With United Nations climate negotiators facing an uphill battle to advance their goal of reducing emissions linked to global warming, it’s no surprise that the woman steering the talks appealed to a Mayan goddess Monday.
Christiana Figueres, executive secretary of the U.N. Framework Convention on Climate Change, invoked the ancient jaguar goddess Ixchel in her opening statement to delegates gathered in Cancun, Mexico, noting that Ixchel was not only goddess of the moon, but also “the goddess of reason, creativity and weaving.
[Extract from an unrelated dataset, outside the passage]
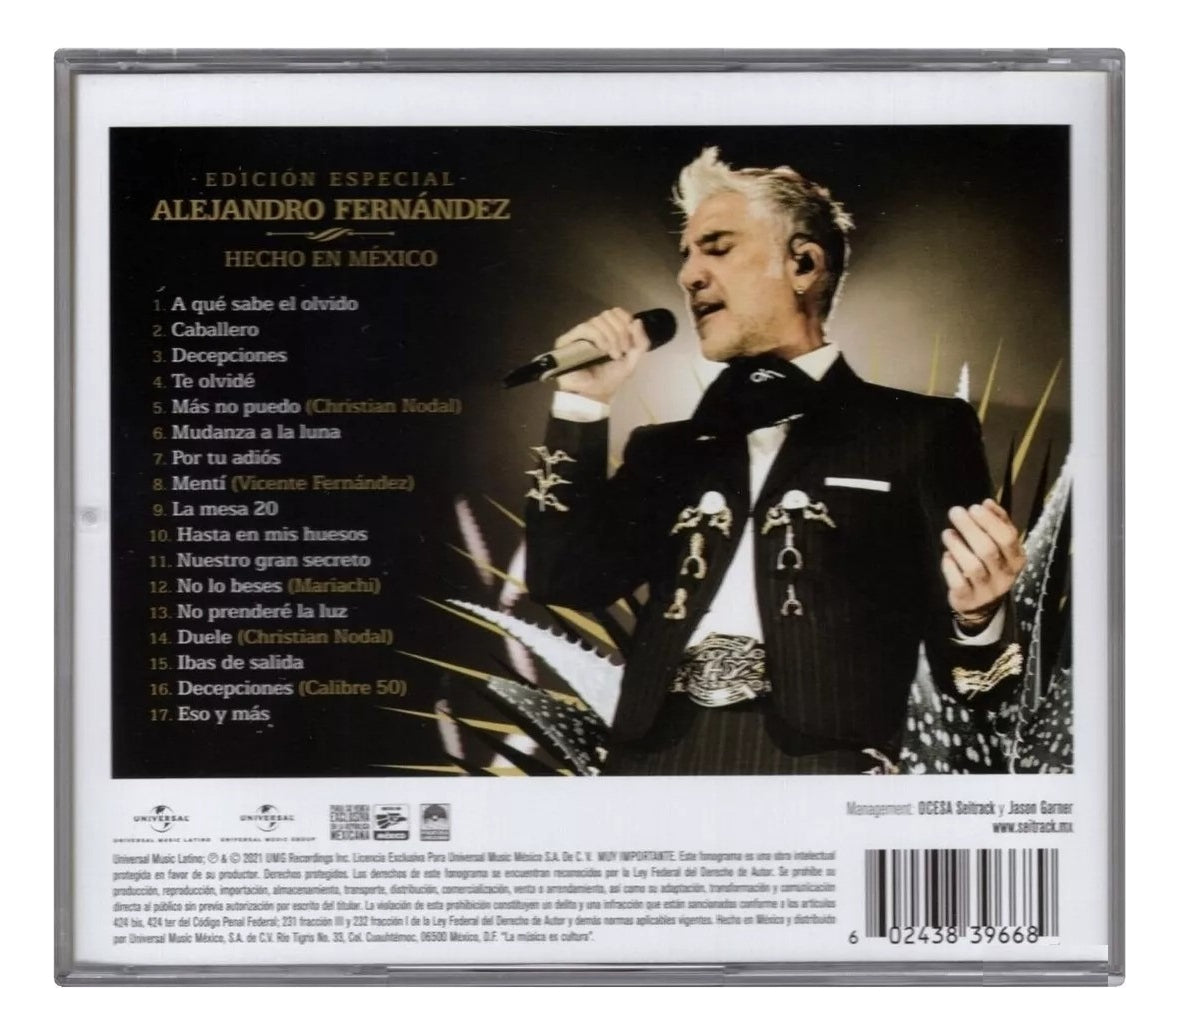 Alejandro Fernandez Hecho En Mexico Edicion Especial Disco Cd

May she inspire you — because today, you are gathered in Cancun to weave together the elements of a solid response to climate change, using both reason and creativity as your tools.”
She called for “a balanced outcome” which would marry financial and emissions commitments from industrialized countries aimed at combating climate change with “the understanding of fairness that will guide long-term mitigation efforts.”
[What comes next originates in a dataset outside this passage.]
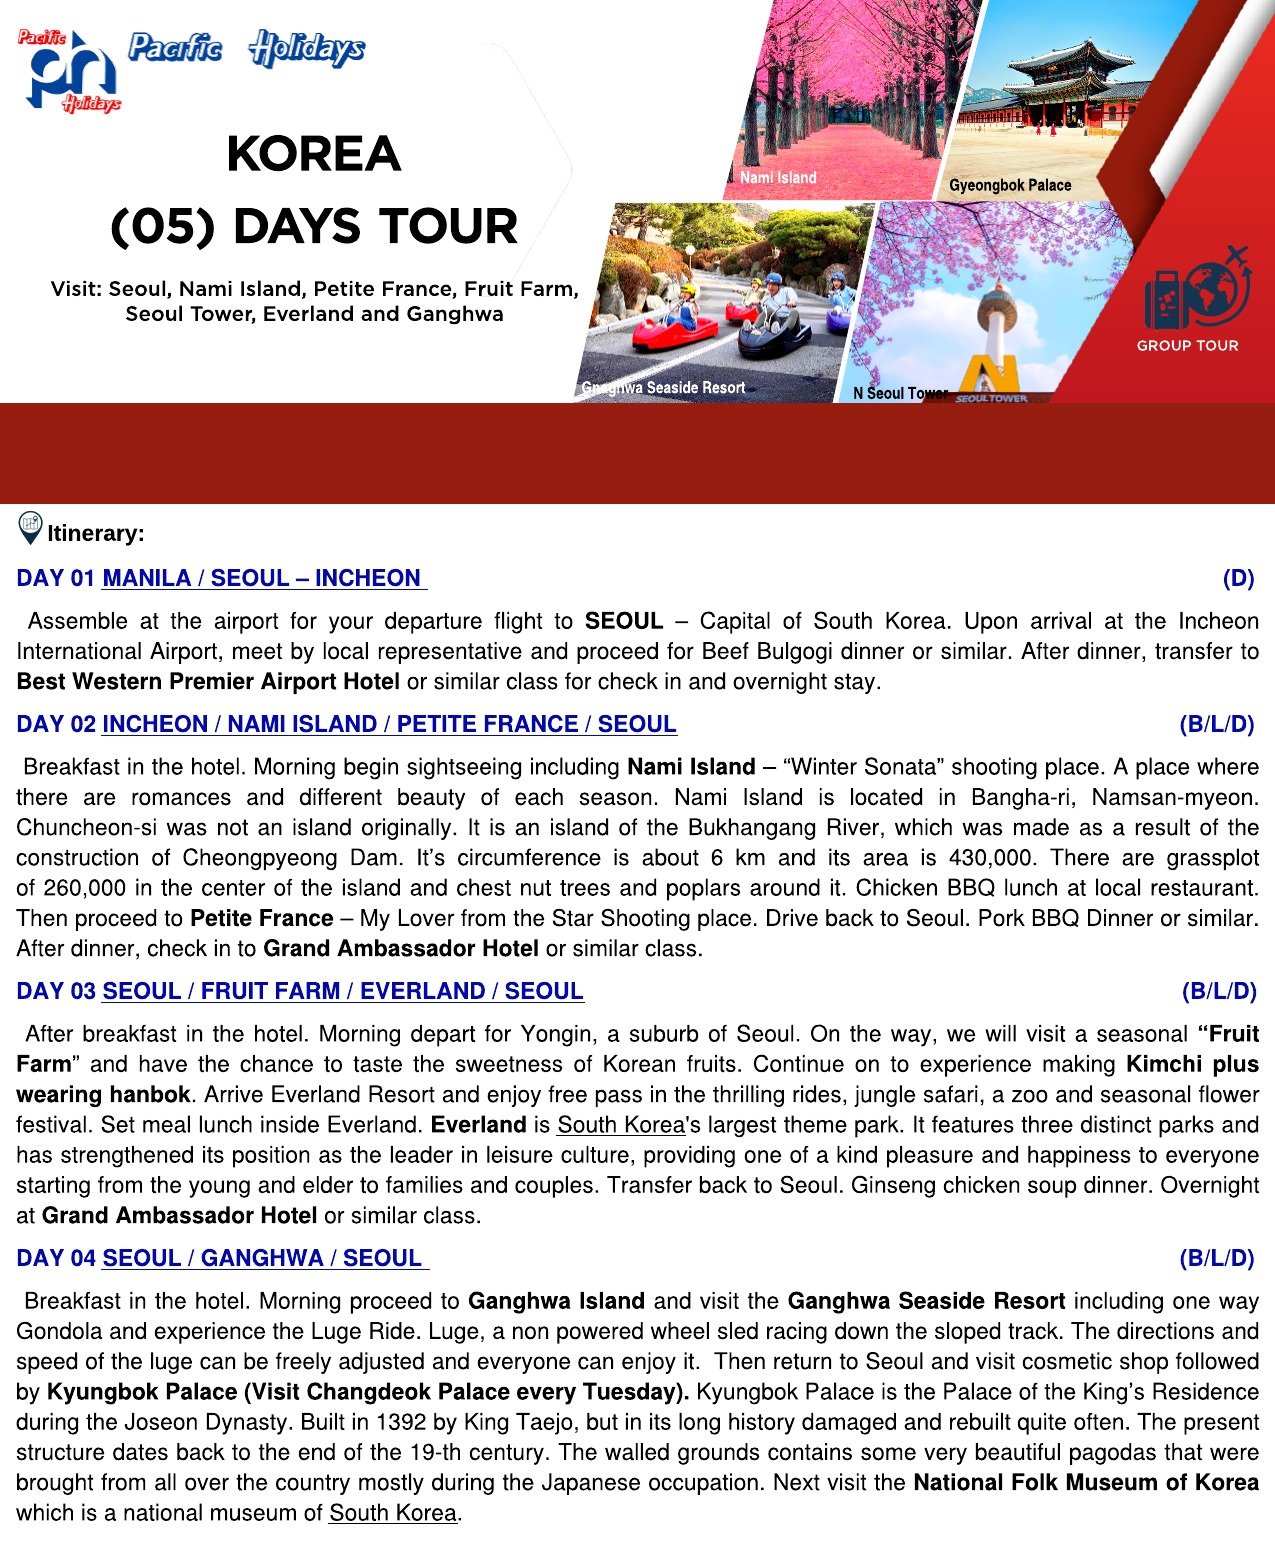 2020 KOREA (5) DAYS TOUR – WO TOUR RATE – Photo and 3 Columns

“Excellencies, the goddess Ixchel would probably tell you that a tapestry is the result of the skilful interlacing of many threads,” said Figueres, who hails from Costa Rica and started her greetings in Spanish before switching to English. “I am convinced that 20 years from now, we will admire the policy tapestry that you have woven together and think back fondly to Cancun and the inspiration of Ixchel.”
One would think that the revelations about the shysters at the University of East Anglia would have at least held the hoax in abatement or slowed it a little. Not if the CIA has anything to do with it.
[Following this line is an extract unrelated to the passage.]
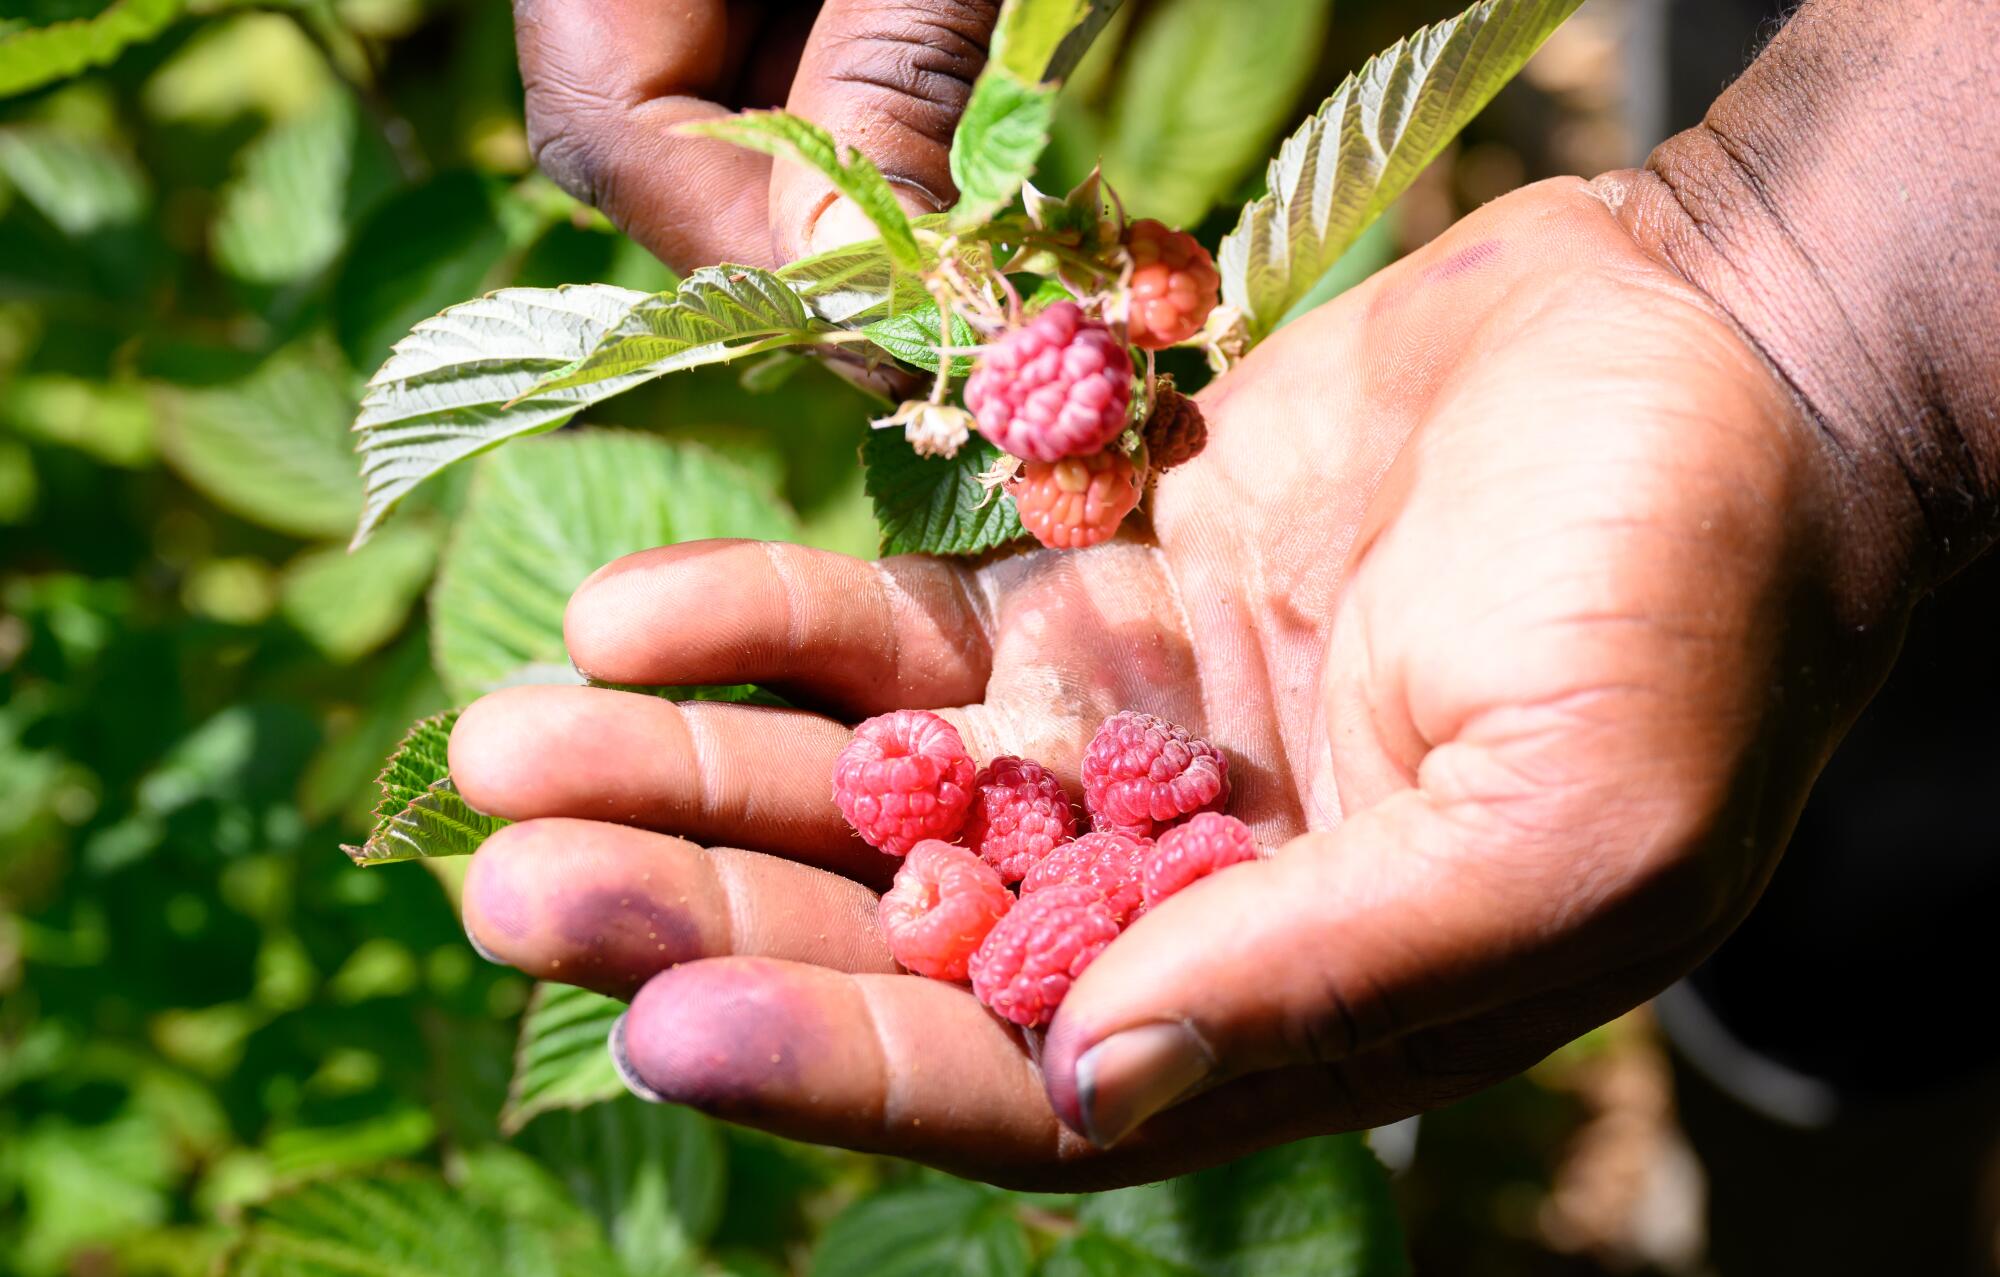 Farm manager Brent Walker displays freshly picked raspberries.

Hidden behind the save-the-world rhetoric of the global climate change negotiations lies the mucky realpolitik: money and threats buy political support; spying and cyberwarfare are used to seek out leverage.
The US diplomatic cables reveal how the US seeks dirt on nations opposed to its approach to tackling global warming; how financial and other aid is used by countries to gain political backing; how distrust, broken promises and creative accounting dog negotiations; and how the US mounted a secret global diplomatic offensive to overwhelm opposition to the controversial “Copenhagen accord”, the unofficial document that emerged from the ruins of the Copenhagen climate change summit in 2009.
Negotiating a climate treaty is a high-stakes game, not just because of the danger warming poses to civilisation but also because re-engineering the global economy to a low-carbon model will see the flow of billions of dollars redirected.
Seeking negotiating chips, the US state department sent a secret cable on 31 July 2009 seeking human intelligence from UN diplomats across a range of issues, including climate change. The request originated with the CIA. As well as countries’ negotiating positions for Copenhagen, diplomats were asked to provide evidence of UN environmental “treaty circumvention” and deals between nations.
Rather than seeking out ways to effect regime change in Iran, the CIA is spending time on AGW. Is it even possible at this point to rebuild the edifice of national intelligence that has been dismantled over the last three administrations? Is it too far gone at this point? Have we lost entirely the capability to do covert information gathering and warfare in our focus on things like AGW and … ahem … [wink] … domestic extremists?